Make This:

Beaded Rings

by Kris | 18 responses | 8 minute read

These rings are pretty, surprisingly quick to make, and a great way to learn peyote beadwork stitch if you’ve never tried it before. There’s no bead loom or other specialty gear involved here. Just some beads, a needle and thread.

 

Materials and Equipment:

- Delica Glass Seed Beads – Delicas are perfect little cylinders and lack the rounded edge that other kinds of seed beads have. You can use any size 11 or smaller seed bead for this, but I like the Delicas for the crisp finish they give.
– Beading Needles – My all time favorites are John James size 12 needles. Whatever you get, make sure they’re thin and buy a few, they’re fragile and you’ll probably break one.
– Beading Thread – This is a brand called Nymo, and the size is OO. Nylon monofilament thread is my first choice. Ordinary sewing thread really won’t work for this – it frays over bead edges more easily and doesn’t last as long.
– A Pattern Sheet – Download the FULL COLOR PATTERN here, or the GREYSCALE PATTERN here!

If you’re working at a table you’re good to just pour out beads like this, but if you’re working on a lap tray it’s wise to keep your beads in some small, shallow bowls or a similar container.

 

I use my thread doubled, so I cut a moderately long strand, thread the needle, then even up the ends. Don’t worry if the thread isn’t long enough to finish the ring – adding a new thread is explained below.

Temporarily use one of your beads as a “knot.” String the bead, push it most of the way to the end of the thread. Put the needle through it again, the same direction as the first time, being careful not to “split your threads,” which means that the needle goes through other threads. That will make it very difficult to remove this when you’re done.

String the first row of beads by color. Follow the chart below – start at #1, end at #12.

Now you need to turn for the next row. String on bead #13 from the chart below. Then slide the needle through bead #11 from the last row.

Pull the thread down until everything is snug and neatly in place.

Add bead #14, and then go back through bead #9.

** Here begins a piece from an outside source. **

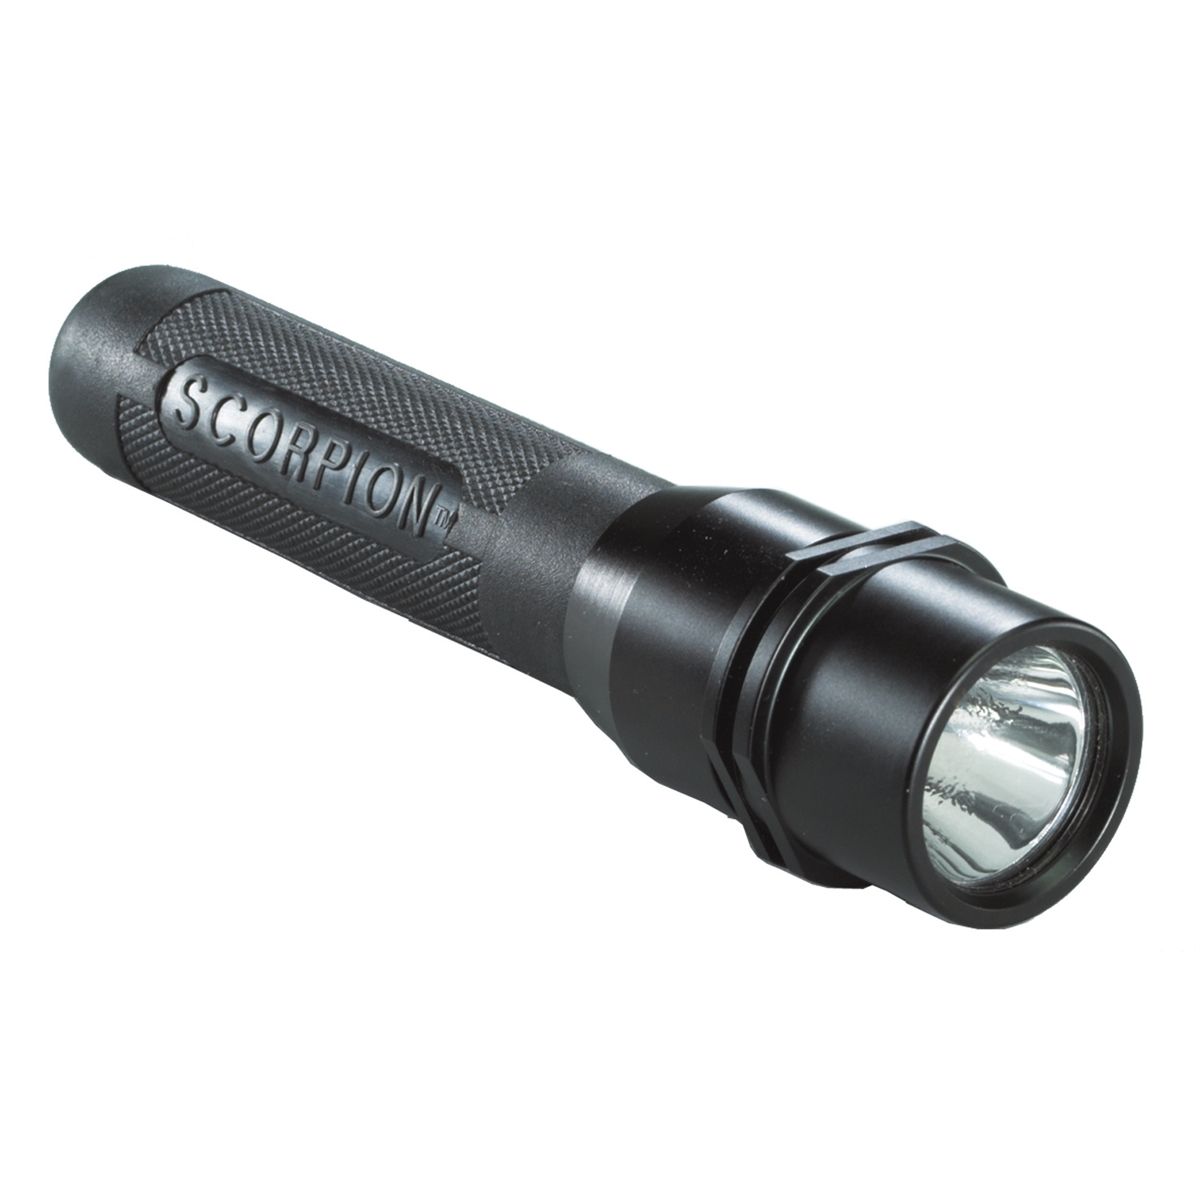 Scorpion LED Flashlight w/ Lithium Batteries

Continue on this way – add #15, go through #7; add # 16, go through #5; add #17, go through #3; add #18 and go through #1. This is the end of your row and you’re ready to turn again. Take some time to make sure everything is pulled up neatly and there are no loops of thread between the beads or any other problems.

As before, turn by adding the first bead of the next row. String on bead #19, then go through #18.

Continue on this way until the end. Add #20, go through #17; add #21, go through #16; add #22, go through #15; add #23, go through #14; add #24, go through #13.

Carry on this way, being careful to pick up the right bead for each stitch.

Keep adding rows until your thread is uncomfortably short.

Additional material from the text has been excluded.